Il DAG era principalmente un luogo di socializzazione, in maniera diversa dagli altri locali della città.
Il programma settimanale, oltre alle mostre, comprendeva concerti e spettacoli vari, per lo più di cabaret, concentrati nel fine settimana e, nelle altre sere, tante attività da fare in gruppi: gare di disegno, di cruciverba, di barzellette, di fotografia (con una polaroid per scattare, che passava di mano in mano), di birra o di pasta (da mangiare con le mani legate), mini tornei di dama, scacchi, dama cinese, monopoli, risiko, shanghai, scopone scientifico e altri giochi di carte e di società, sempre a disposizione dei presenti e ciascuno in numero abbondante per i tornei che spesso duravano ore o addirittura potevano continuare il giorno dopo.
A sinistra dell’ingresso un’altra sala ospitava il piccolo palco per gli spettacoli e una decina di tavolini, la cui base era una vecchia macchina da cucire mentre la parte superiore era decorata con mattonelle di ceramica.
La cucina era il regno di Rosa, si potevano gustare vari tipi di panini, ma la specialità era la pasta alla DAG: pennette rigate con pomodoro, ragù, salsiccia e panna, che veniva cucinata ininterrottamente per tutta la notte e per la quale bisognava anche mettersi in lista.

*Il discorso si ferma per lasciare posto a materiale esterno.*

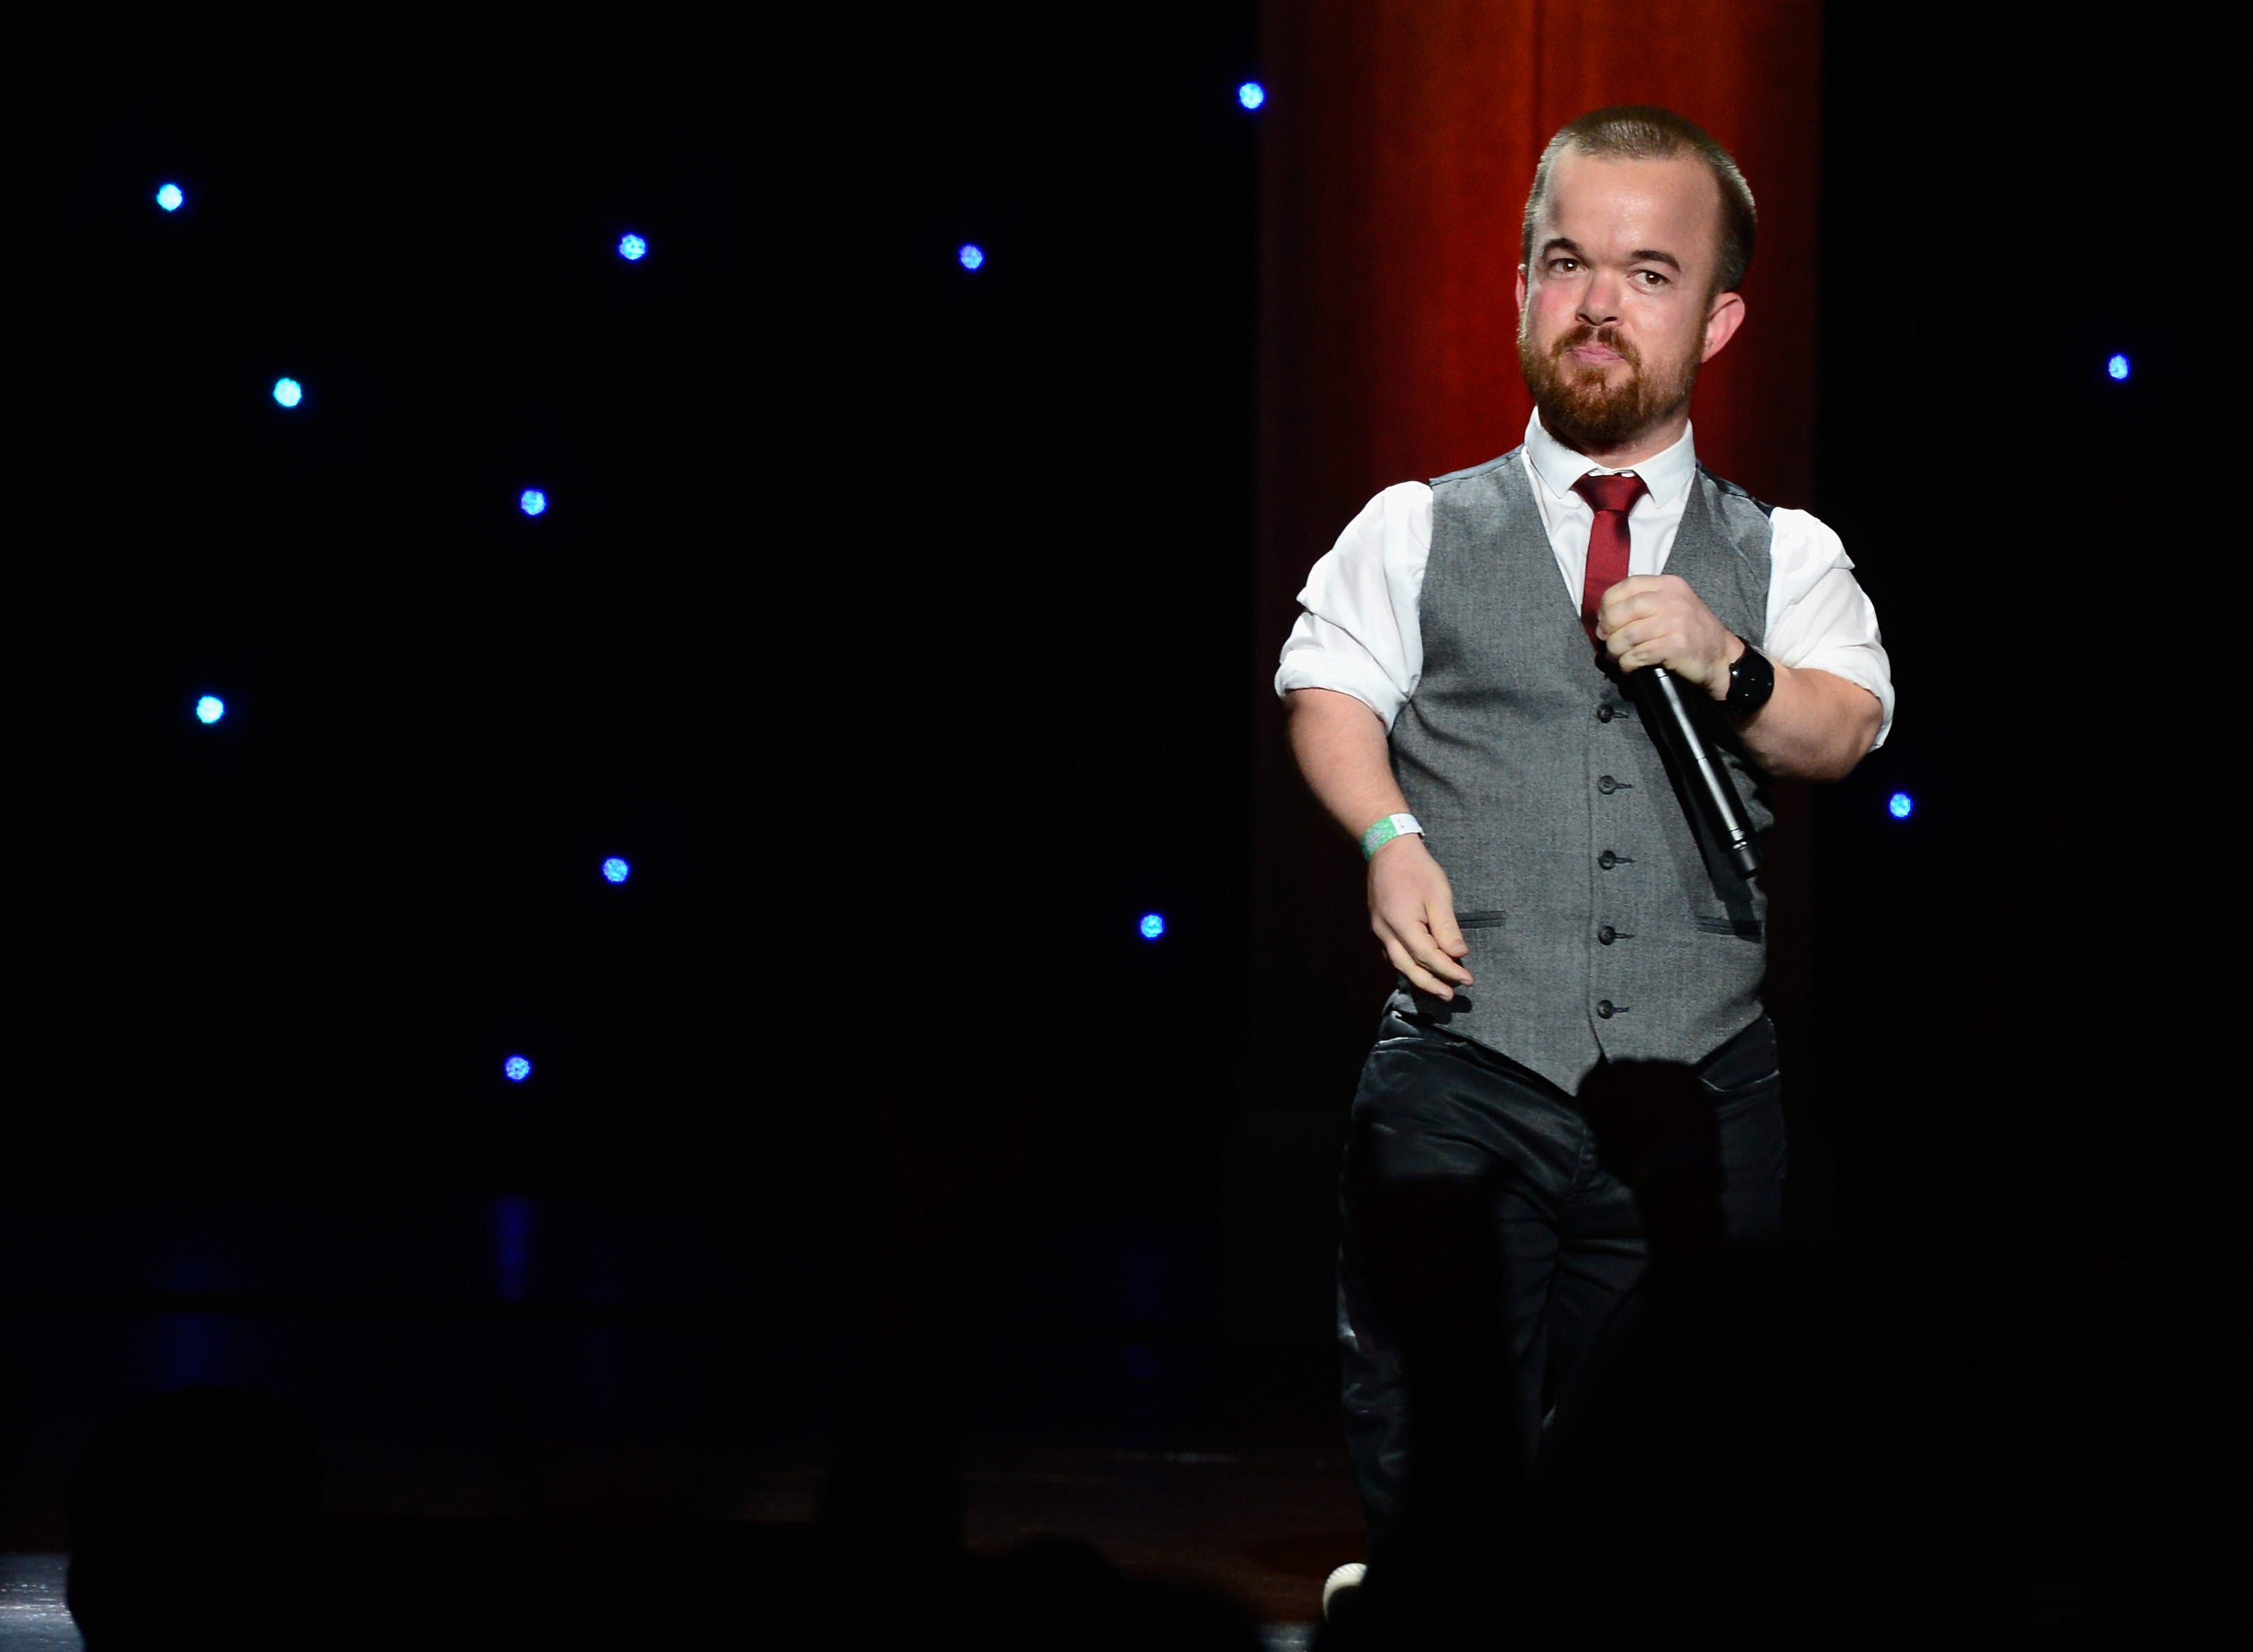 Brad Williams Weighs In On Comedy Ahead Of Palm Springs Area Show

«Il DAG è il primo amore che non si scorda mai - racconta Stefano Tomasino - ne sono orgoglioso, era il mio primo locale e la realizzazione del mio desiderio di socializzare e di fare socializzare le persone. Ancora oggi, se incontro qualcuno che lo frequentava, capita che mi ringrazi per l’atmosfera che eravamo riusciti a creare».
In una città in cui nei locali ci si incontra spesso, ci si saluta, ma ci si conosce solo superficialmente, il DAG fu un’eccezione. Il format di Tomasino, infatti, costringeva ciascuno a parlare con gli altri.

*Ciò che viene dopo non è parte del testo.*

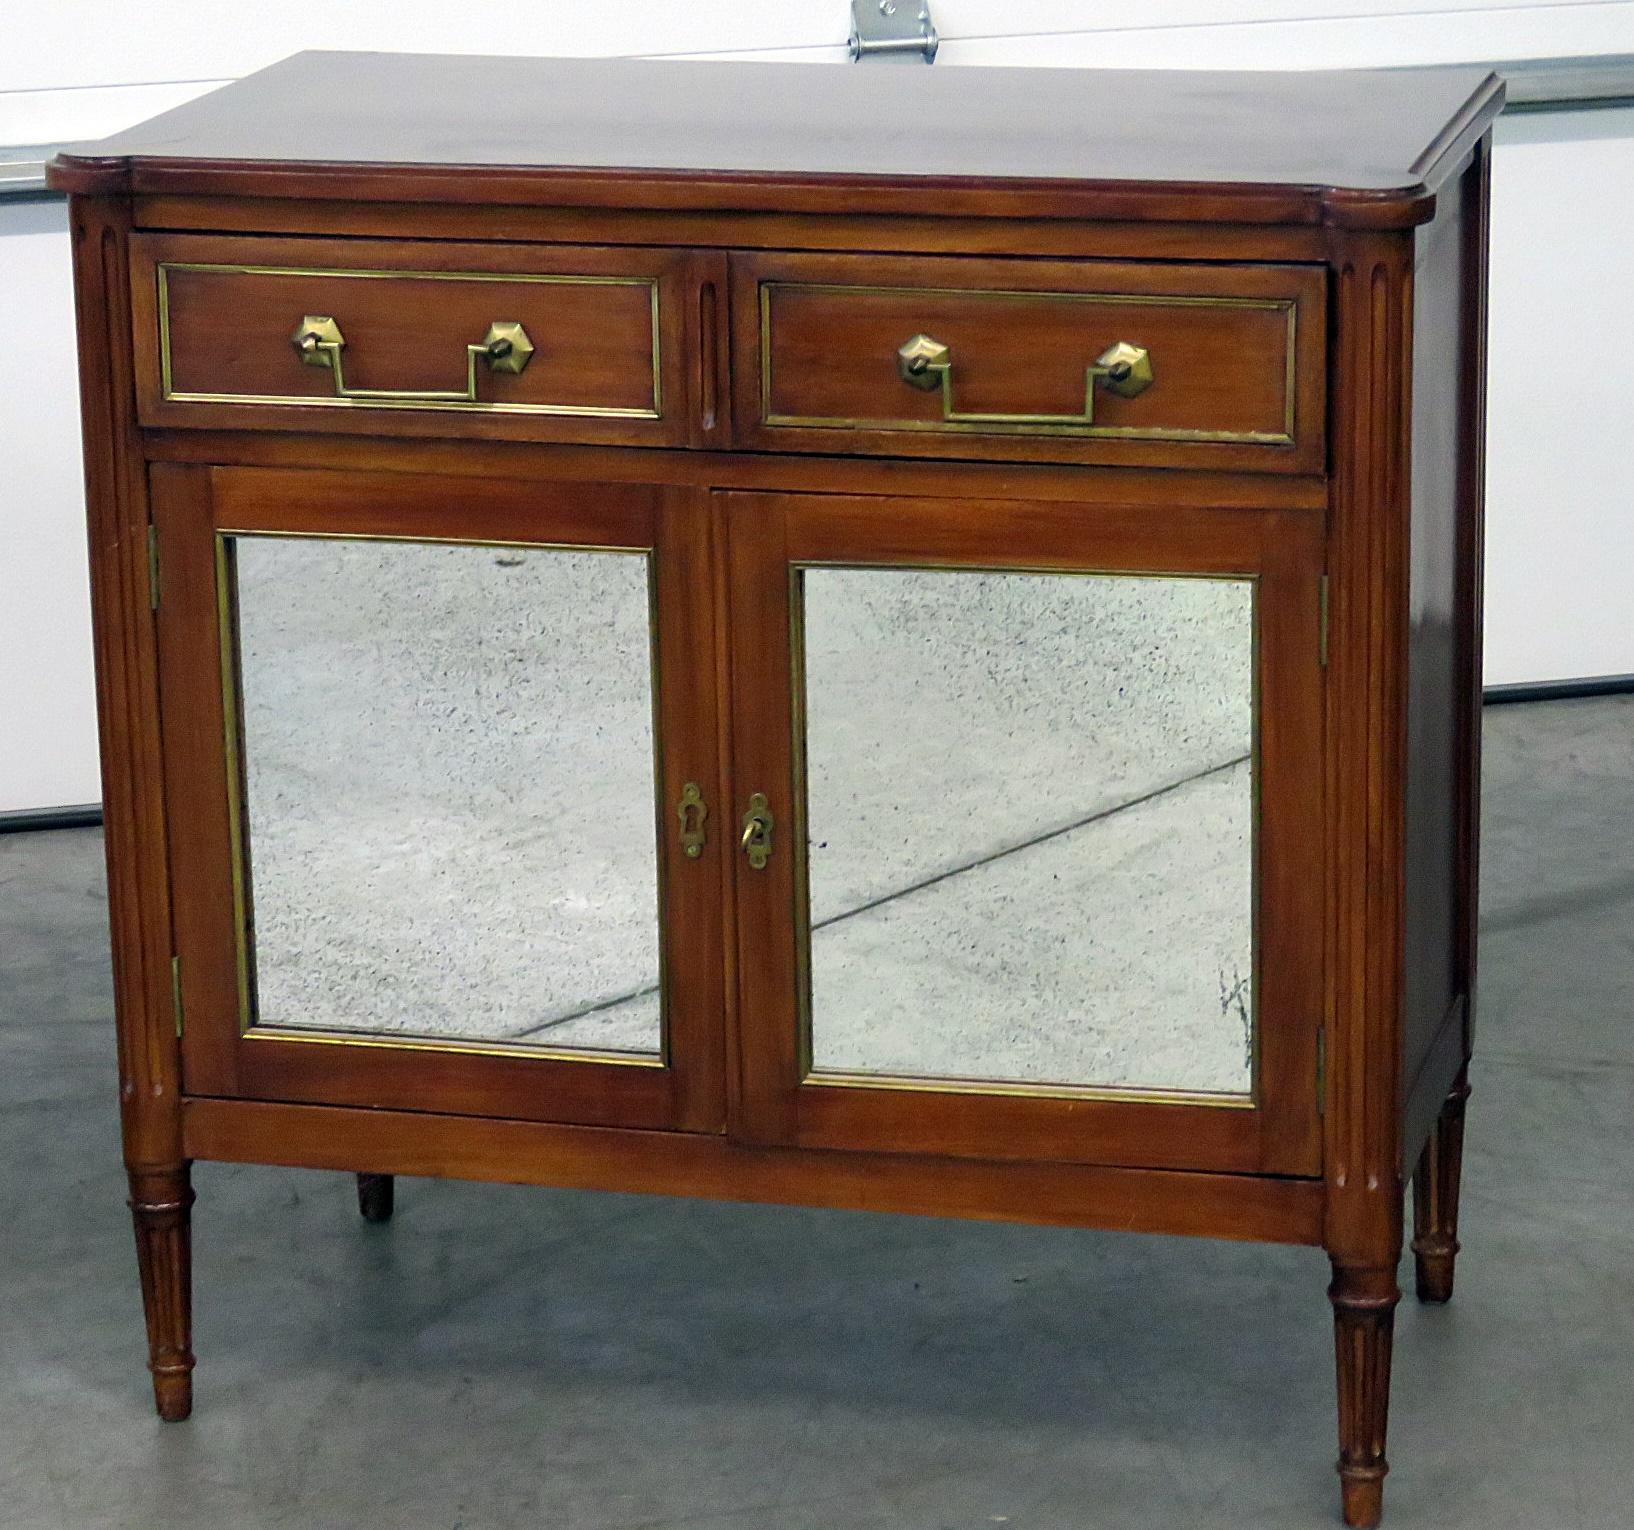 Pair of Maison Jansen Directoire style cabinets with one drawer over two doors containing one shelf and bronze monts.

Ogni sera era lui a formare le squadre per i giochi, mettendo insieme persone di gruppi diversi e creando confidenza e complicità, cosicché, dopo un po’ di mesi, i frequentatori si conoscevano bene.

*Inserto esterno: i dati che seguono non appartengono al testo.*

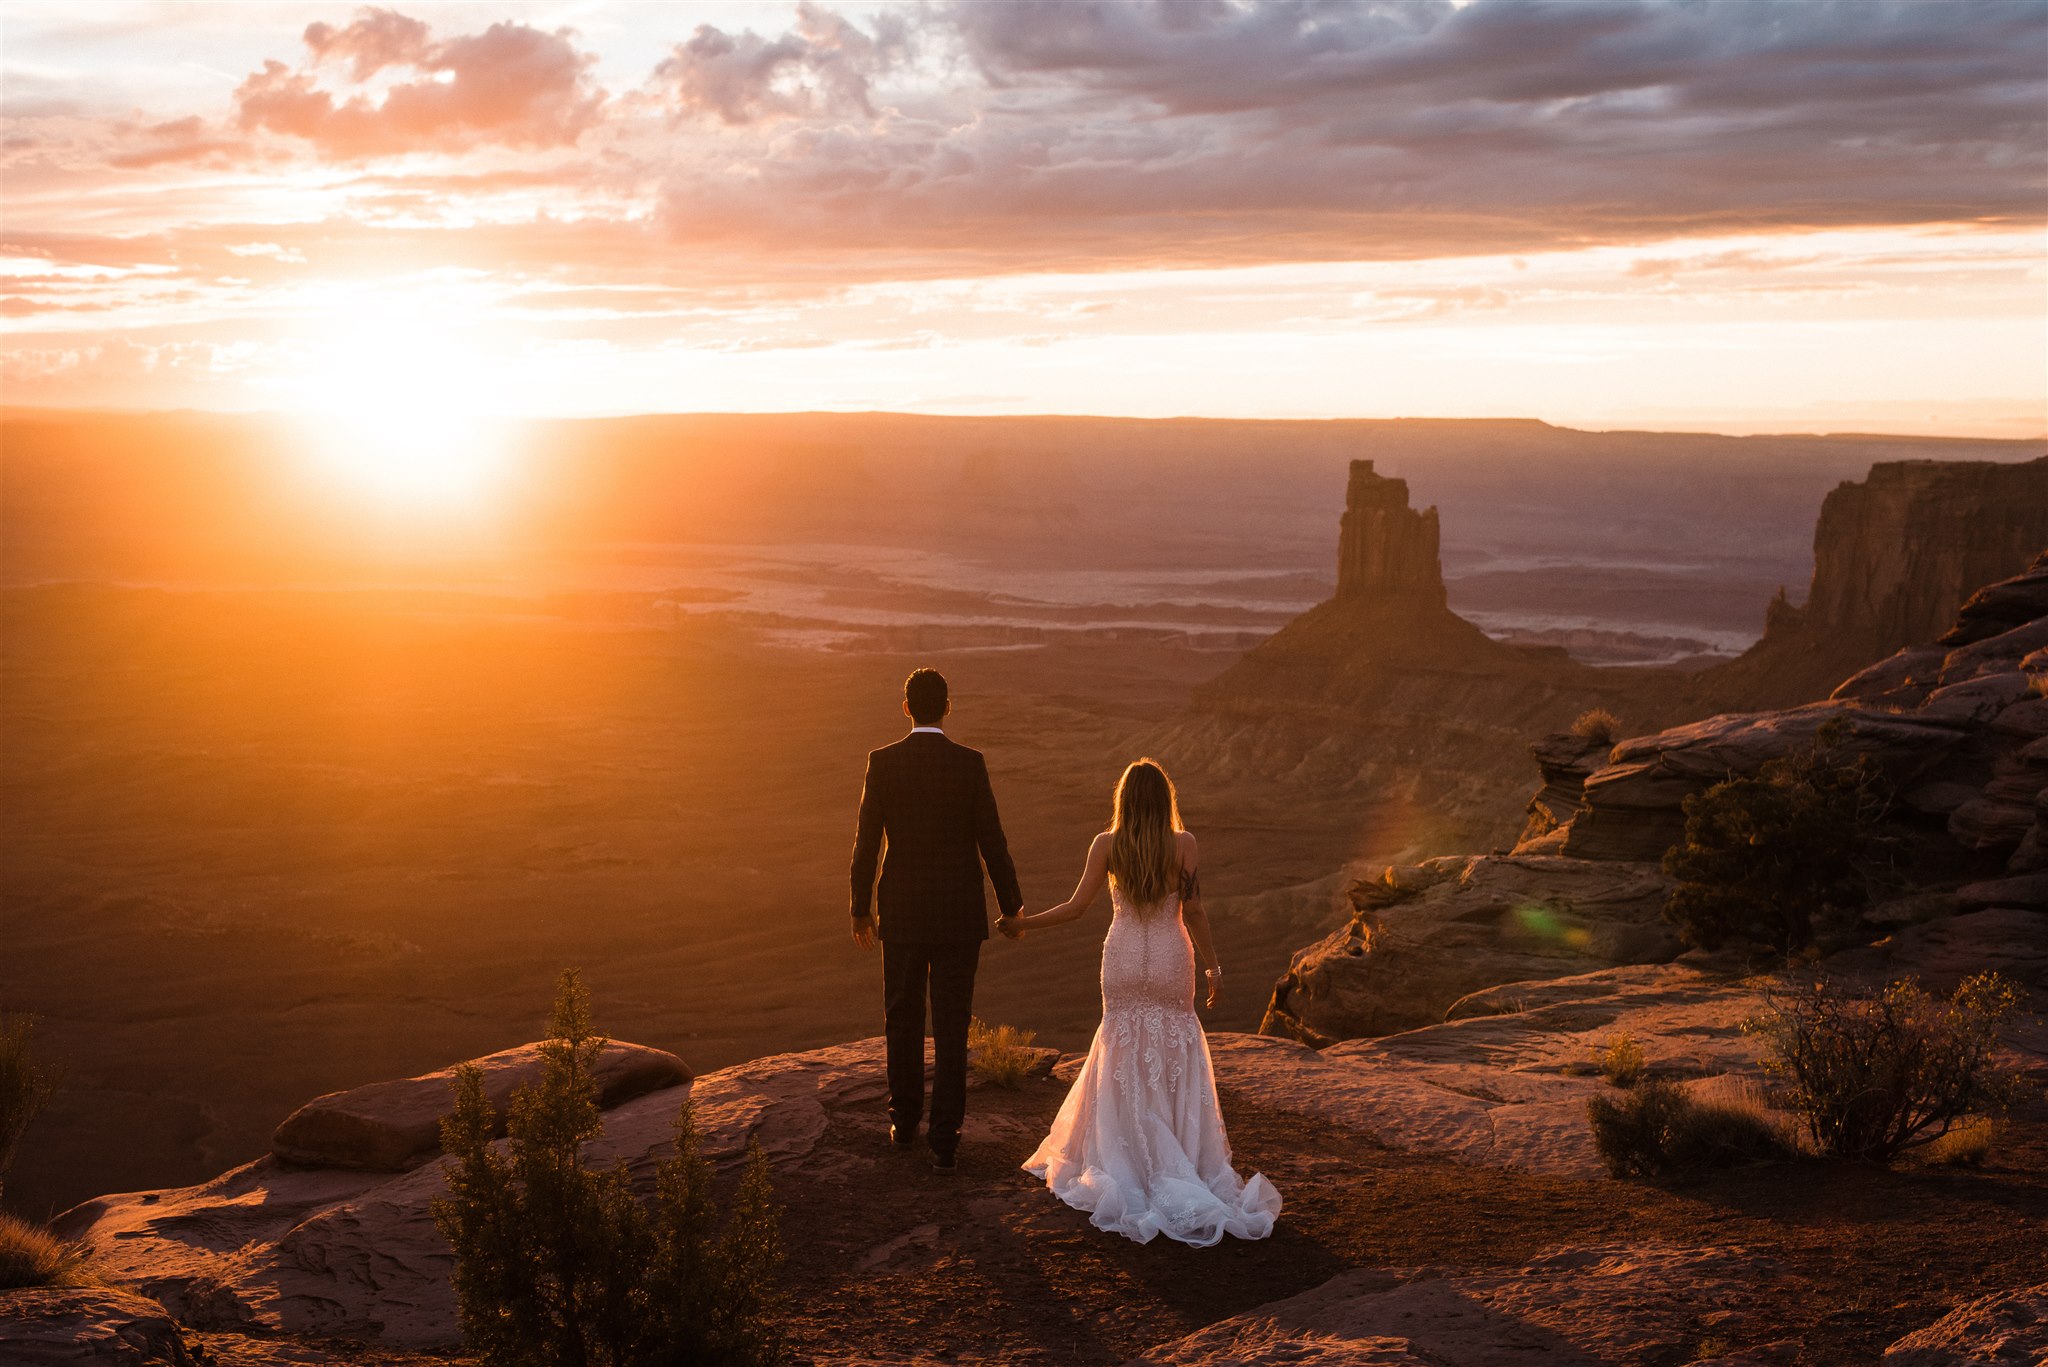 Desert adventure elopement. Image: The Foxes Photography

«Quando componevo le squadre mischiavo i vari gruppi, preferivo dividere gli amici, a volte dovevo insistere, ma alla fine cedevano – continua Tomasino - e se sapevo di qualche attrito o antipatia, univo in squadra i "litiganti" provando a far ritrovare l’armonia».
Dal DAG passavano un po’ tutti, ma principalmente era frequentato dagli amanti della Palermo-by-night e da tanti artisti. Ci si potevano incontrare attori come Giorgio Li Bassi o Gigi Burruano, che amavano fare tardi in compagnia e, a notte fonda, su suggerimento di altri pub, arrivavano ospiti eccellenti e artisti di passaggio in città.
Durante le riprese della terza parte de "Il Padrino" molti del cast venivano al DAG, compreso Al Pacino, che trascorse una notte intera a giocare a scacchi.
Fra i frequentatori abituali delle serate palermitane di quel periodo, Maurizio Gambino racconta che «per me il DAG è un ricordo molto piacevole, ero poco più che ventenne ed era un luogo d’incontro importante per la gioventù di allora, che anziché stare per strada preferiva trascorrere la notte in un locale dove si riusciva facilmente a conoscere altre persone, poiché c’era un’abitudine alla socializzazione che altrove mancava - e aggiunge - c’erano spesso turisti, studenti fuori sede, ma anche tanti poliziotti, magari alla fine del turno di lavoro e ho un ricordo molto speciale di Antonio Montinaro, caposcorta di Falcone, molto cordiale e simpaticissimo».
Quando tutti gli altri locali chiudevano, il DAG si ripopolava.
Erano in tanti, infatti, a godere di quell’ultima possibilità di stare fuori in compagnia e fino alle cinque del mattino continuava ad arrivare qualcuno, certo che il locale avrebbe chiuso, come d’abitudine, dopo che l’ultima persona fosse andata via.
«In quegli anni non c’erano tanti luoghi per la "movida" e non c’era concorrenza – ricorda Tomasino - tanto che molti proprietari e gestori di locali, dopo aver chiuso, venivano a trascorrere qualche ora al DAG e a me piaceva che si parlasse di noi e il nostro locale fosse apprezzato».
Oltre alla qualità dell’intrattenimento, al costo di cibo e bevande davvero conveniente e alla buona compagnia, non era difficile imbattersi in qualche performance estemporanea o in qualche jam session improvvisata, a cui chiunque poteva prendere parte, rendendo così la notte un momento sempre diverso, di relazioni, divertimento e anche di creatività.
Dopo qualche anno Tomasino lasciò il DAG per dedicarsi all'apertura dello Zelig, portando con sé molti dei clienti, il DAG continuò, ma senza la stessa atmosfera e piano piano si avviò al termine del suo percorso, mettendo fine a quel modo piacevole e costruttivo di stare insieme, che non si è ricreato altrove.